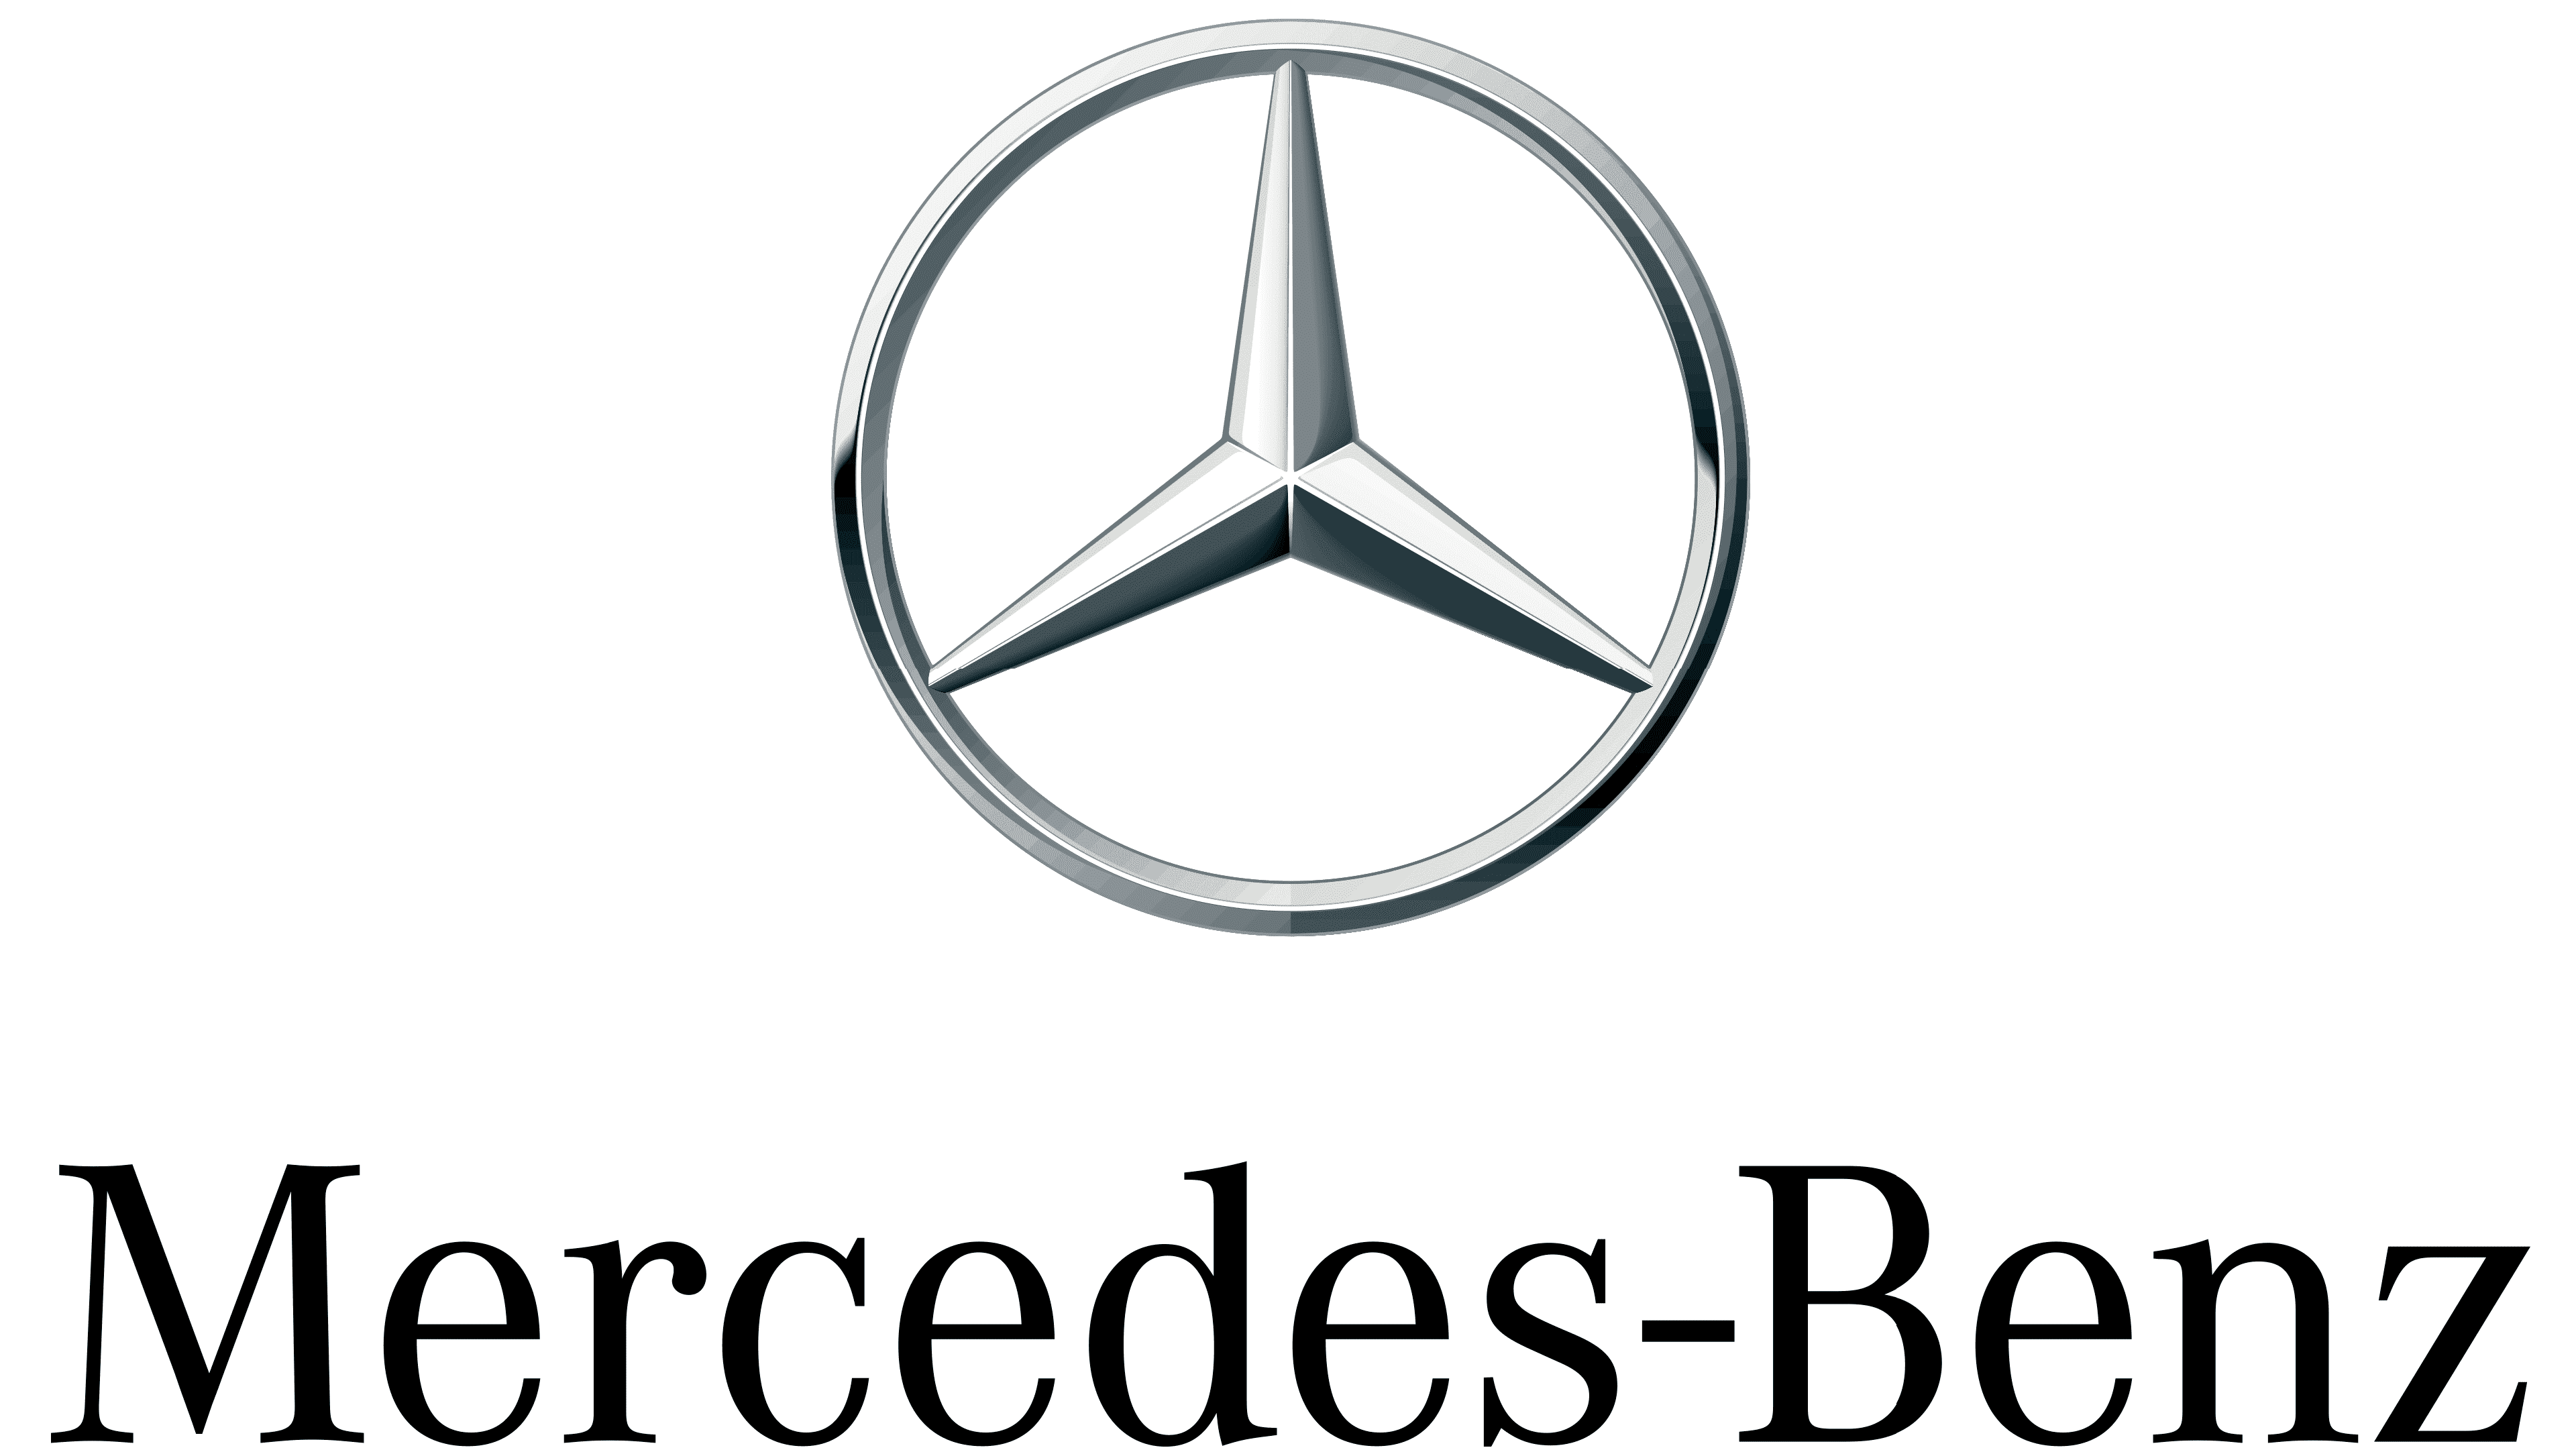 Quelles sont les valeurs du logo Mercedes ?
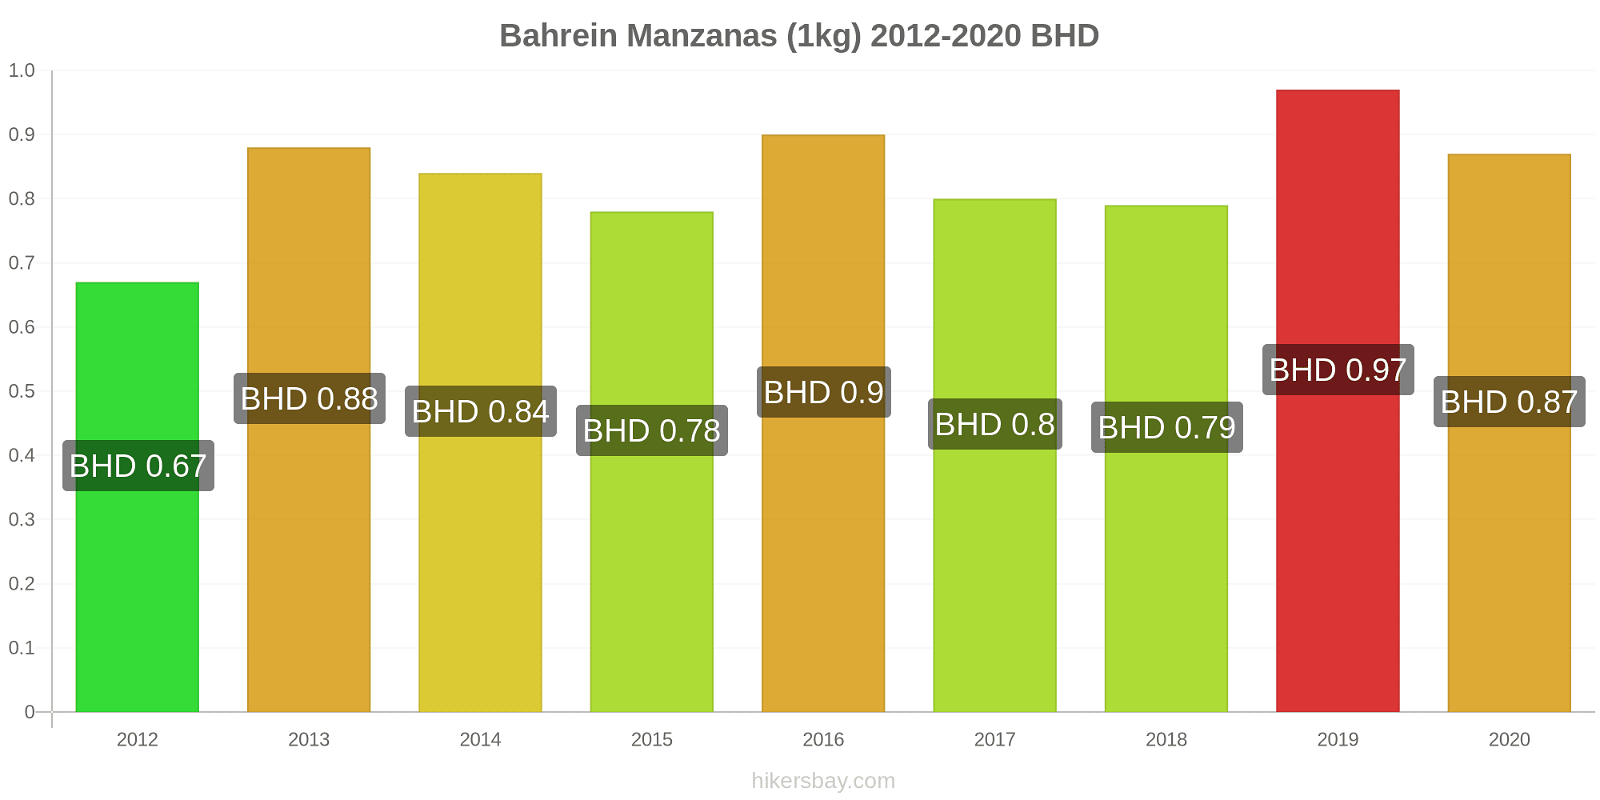 Bahrein cambios de precios Manzanas (1kg) hikersbay.com
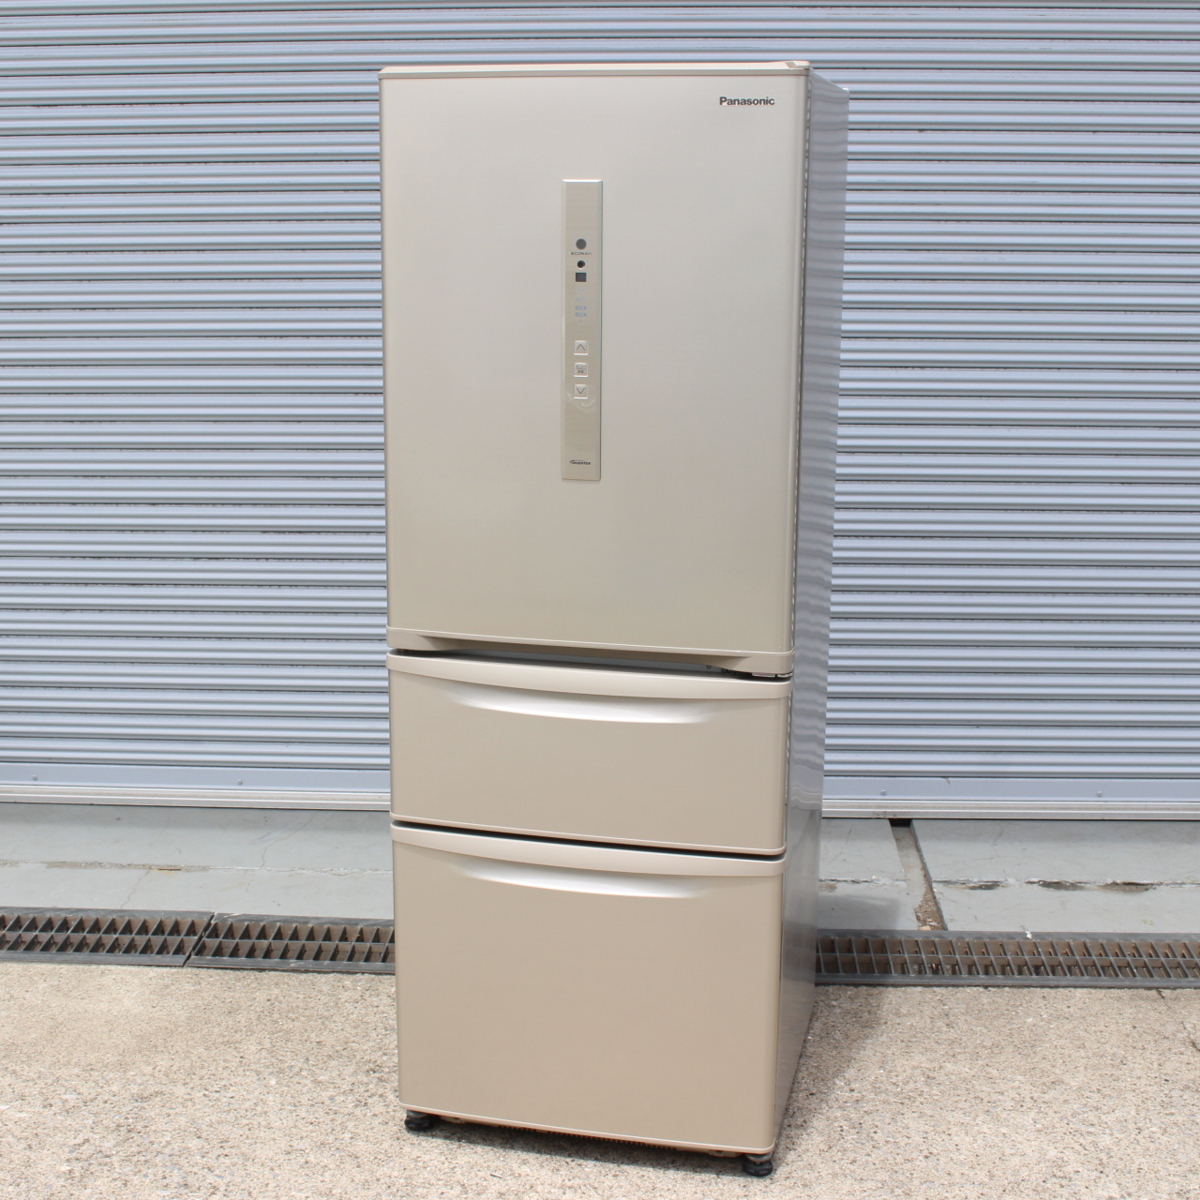 パナソニック ノンフロン冷凍冷蔵庫 NR-C32FM 17年製 315L 3ドア

(Task prompt): What the answer needs is every line from the one with "Bahrein cambios de" through the last line of the data, reproduced word for word and with pictures omitted.

(Solution below):
 Bahrein cambios de precios Manzanas (1kg) hikersbay.com
 パナソニック ノンフロン冷凍冷蔵庫 NR-C32FM 17年製 315L 3ドア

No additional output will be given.